There is a general answer for arbitrary nested case in Python Cookbood (3rd ed).

os.path

This is the right way of dealing with paths, filenames, extensions...

observ = '/media/moser/SAMSUNG2TB/interf/interf_PIO/2015/2015-11-29_SCI_alp_Eri_oidataCalibrated.fits'
os.path.split(observ) == (os.path.dirname(observ), os.path.basename(observ))

input vs raw_input

raw_input does not exists in Python 3.x. It was renamed to input.

pip

Installing in a custom folder

pip install --install-option="--prefix=$PREFIX_PATH" package_name

Important: pip will add /lib/pythonX.X/site-packages/ to the $PREFIX_PATH defined.

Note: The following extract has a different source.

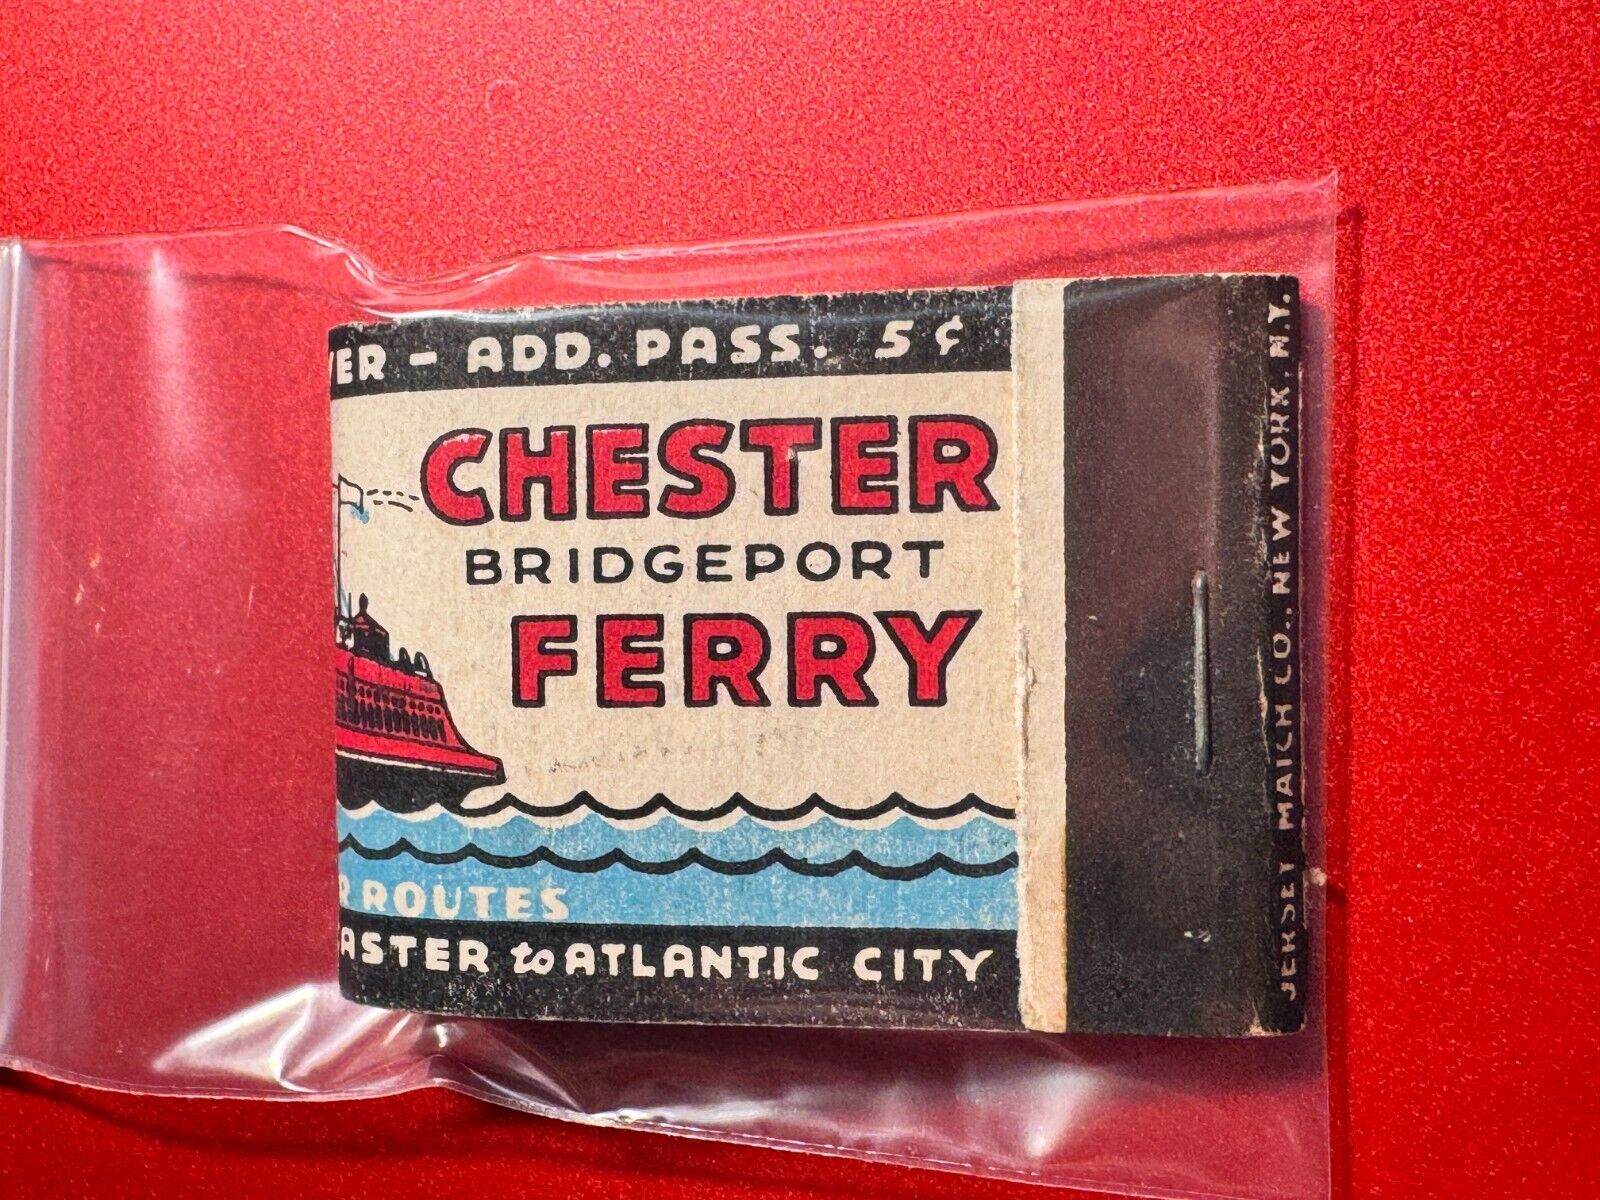 MATCHBOOK - CHESTER BRIDGEPORT FERRY - NY TO ATLANTIC CITY - UNSTRUCK

In Ureka, this should be $UREKA_PATH/python/.

pip not found

After installing Python 2.7.9+, you need to run

python -m ensurepip
# OR
python3.6 -m pip install --user pipenv

pip is not working: ImportError: No module named 'pip._internal'

python3 -m pip install --user --upgrade pip

"Could not find .egg-info"

It is a bug, solved by setuptools. In Debian/Ubuntu, run

sudo pip install pip -U
sudo pip install setuptools -U

Setting up virtual environments

pip freeze > requirements.txt
pip install -r requirements.txt

which pip

Problem: ImportError: No module named ...

Explanation: Your pip is probably using a different python executable. Check it:

head -n1 $(which pip)

Solution: you can choose to use a virtualenv, or install pip using /usr/local/bin/python:

curl https://raw.github.com/pypa/pip/master/contrib/get-pip.py | /usr/local/bin/python

For more installation instructions, see http://www.pip-installer.org/en/latest/installing.html.

getting pip

To install pip, securely download https://bootstrap.pypa.io/get-pip.py

python get-pip.py --user

ipython

  • ipython is not calling the python version I want. What should I do?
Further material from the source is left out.